Data section:

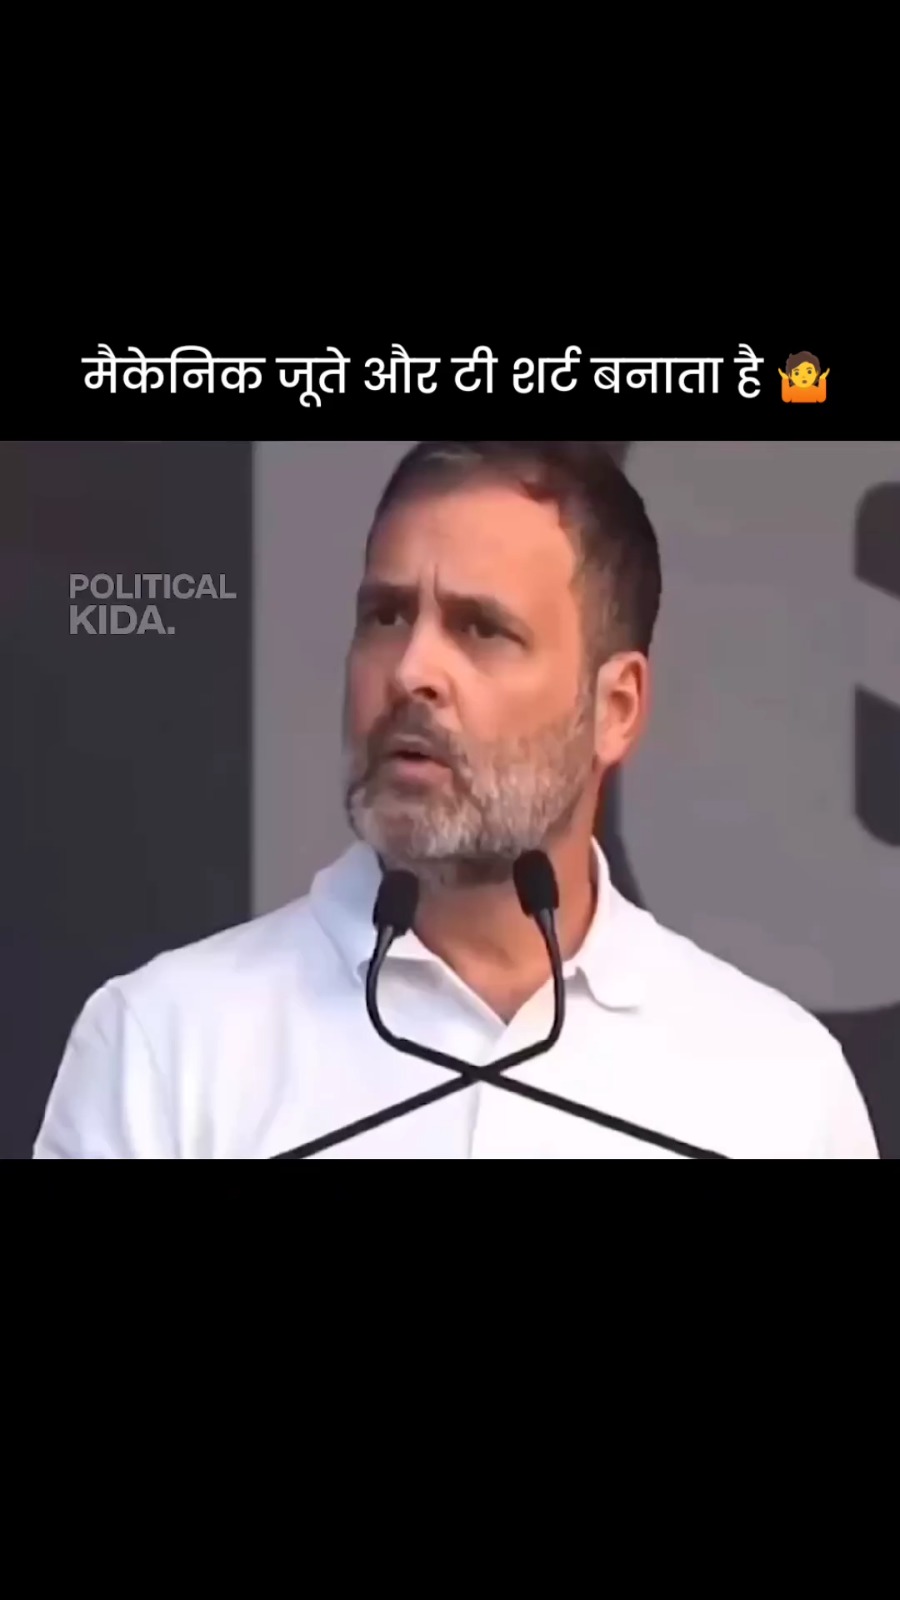 Rahul Gandhi being Rahul Gandhi 😂
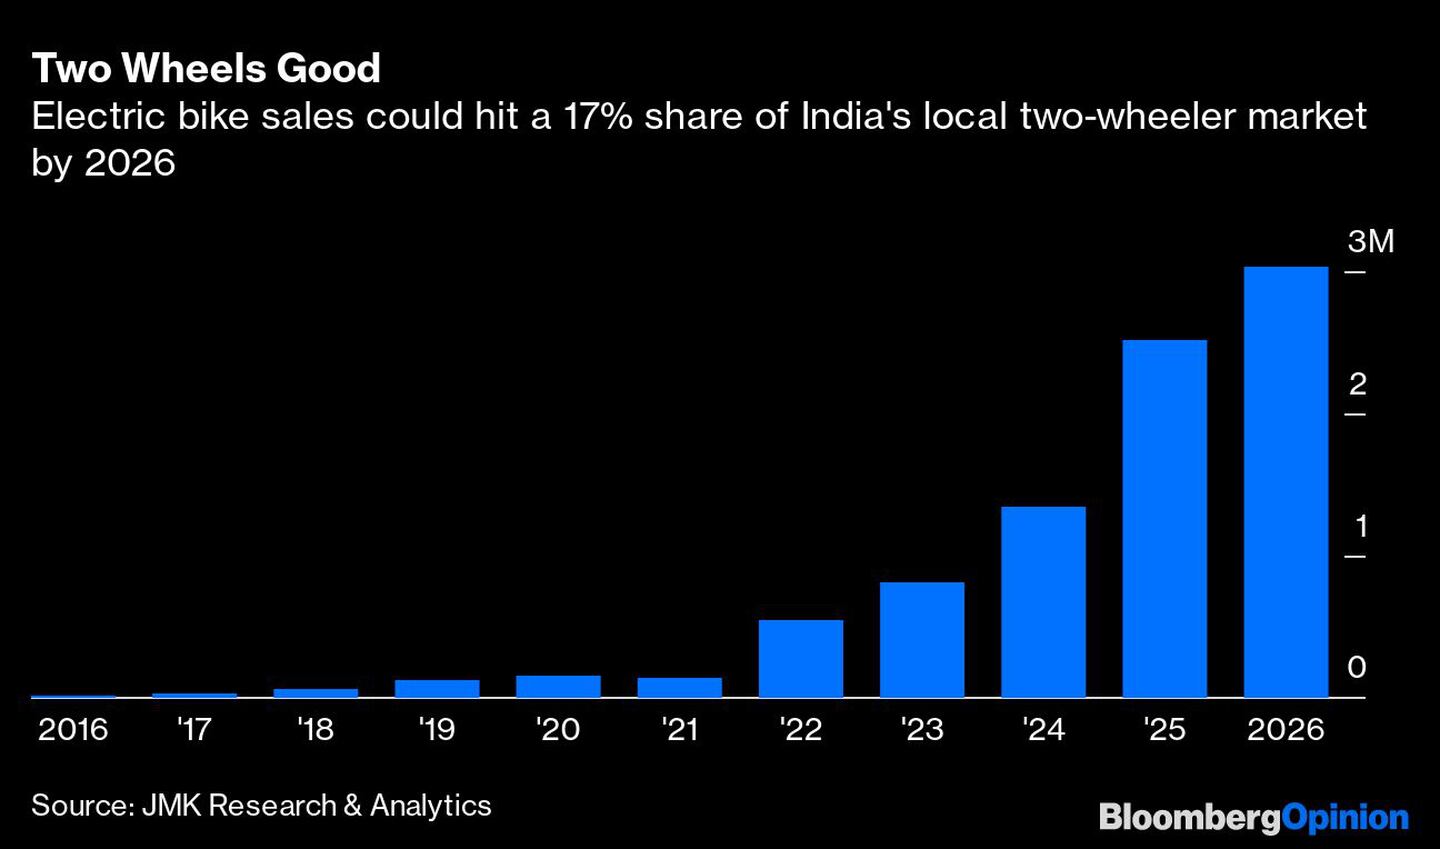 Las dos ruedas son buenas
Las ventas de bicicletas eléctricas podrían alcanzar una cuota del 17% del mercado local de dos ruedas en la India en 2026dfd
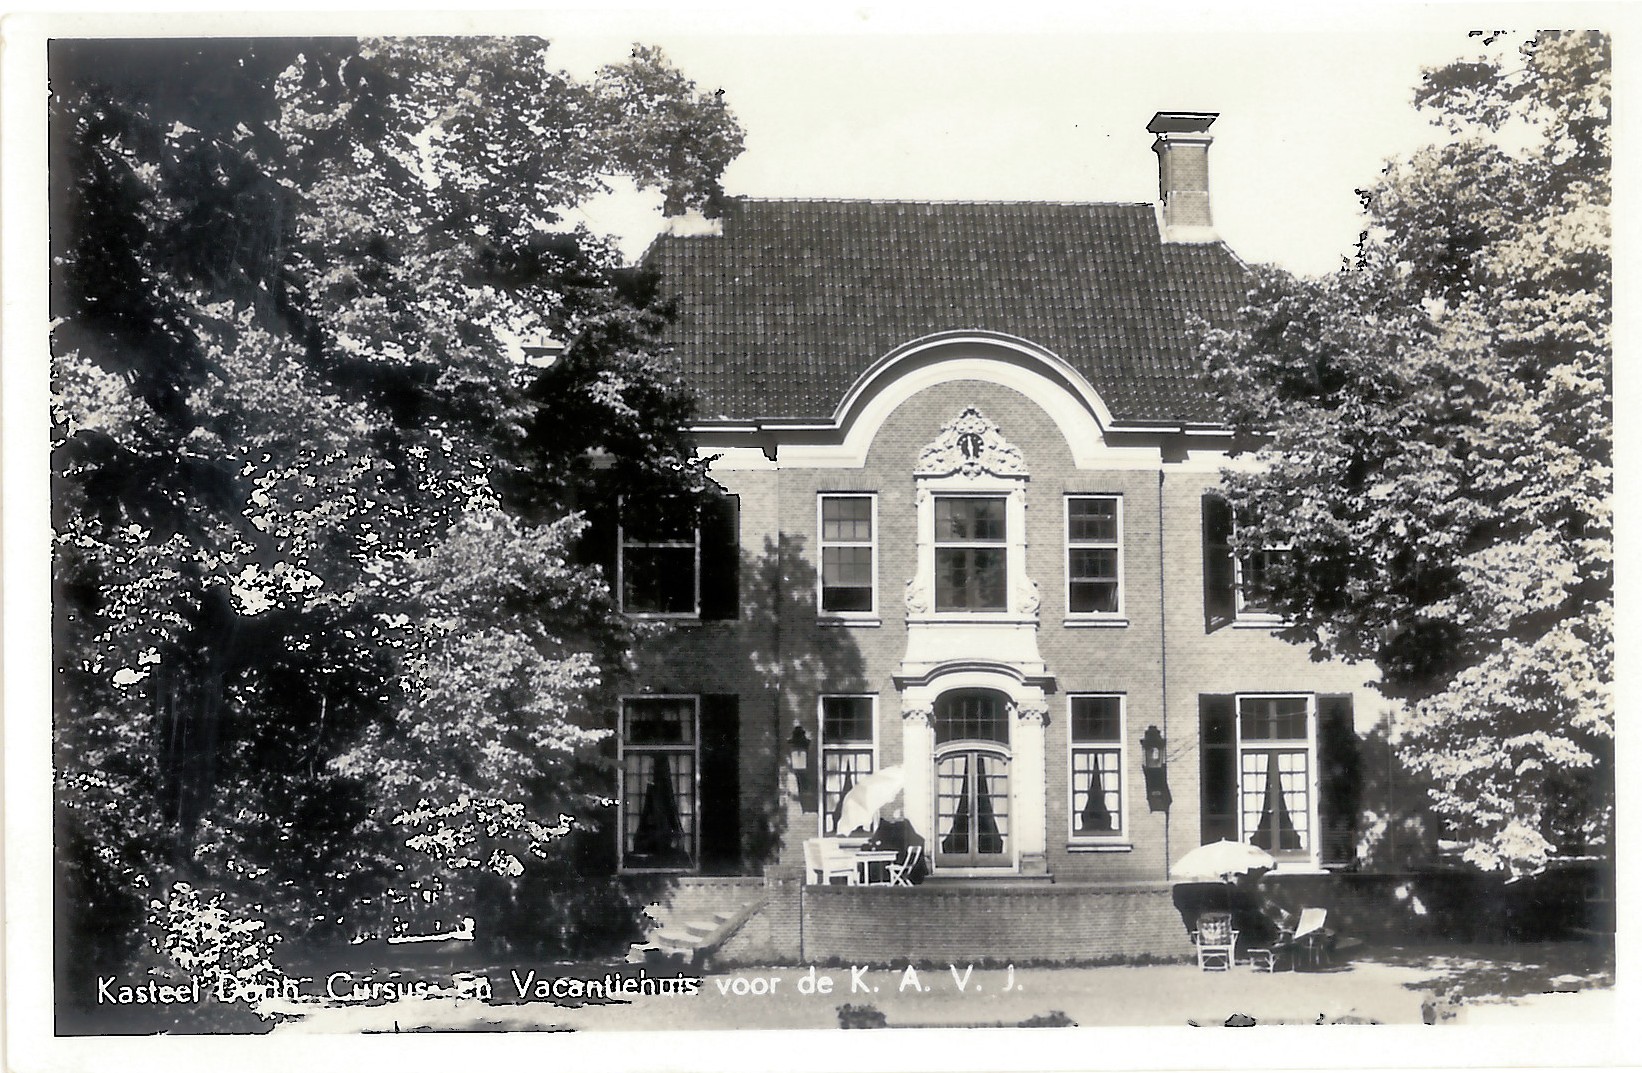 kasteel huize dorth vakantiehuis KAVJ 1948

Problem to solve:
Produce an exact copy of the lines from the line containing "Las ventas de" to the end of the material, both ends included, and omit every picture.

Solution below:
Las ventas de bicicletas eléctricas podrían alcanzar una cuota del 17% del mercado local de dos ruedas en la India en 2026dfd
 kasteel huize dorth vakantiehuis KAVJ 1948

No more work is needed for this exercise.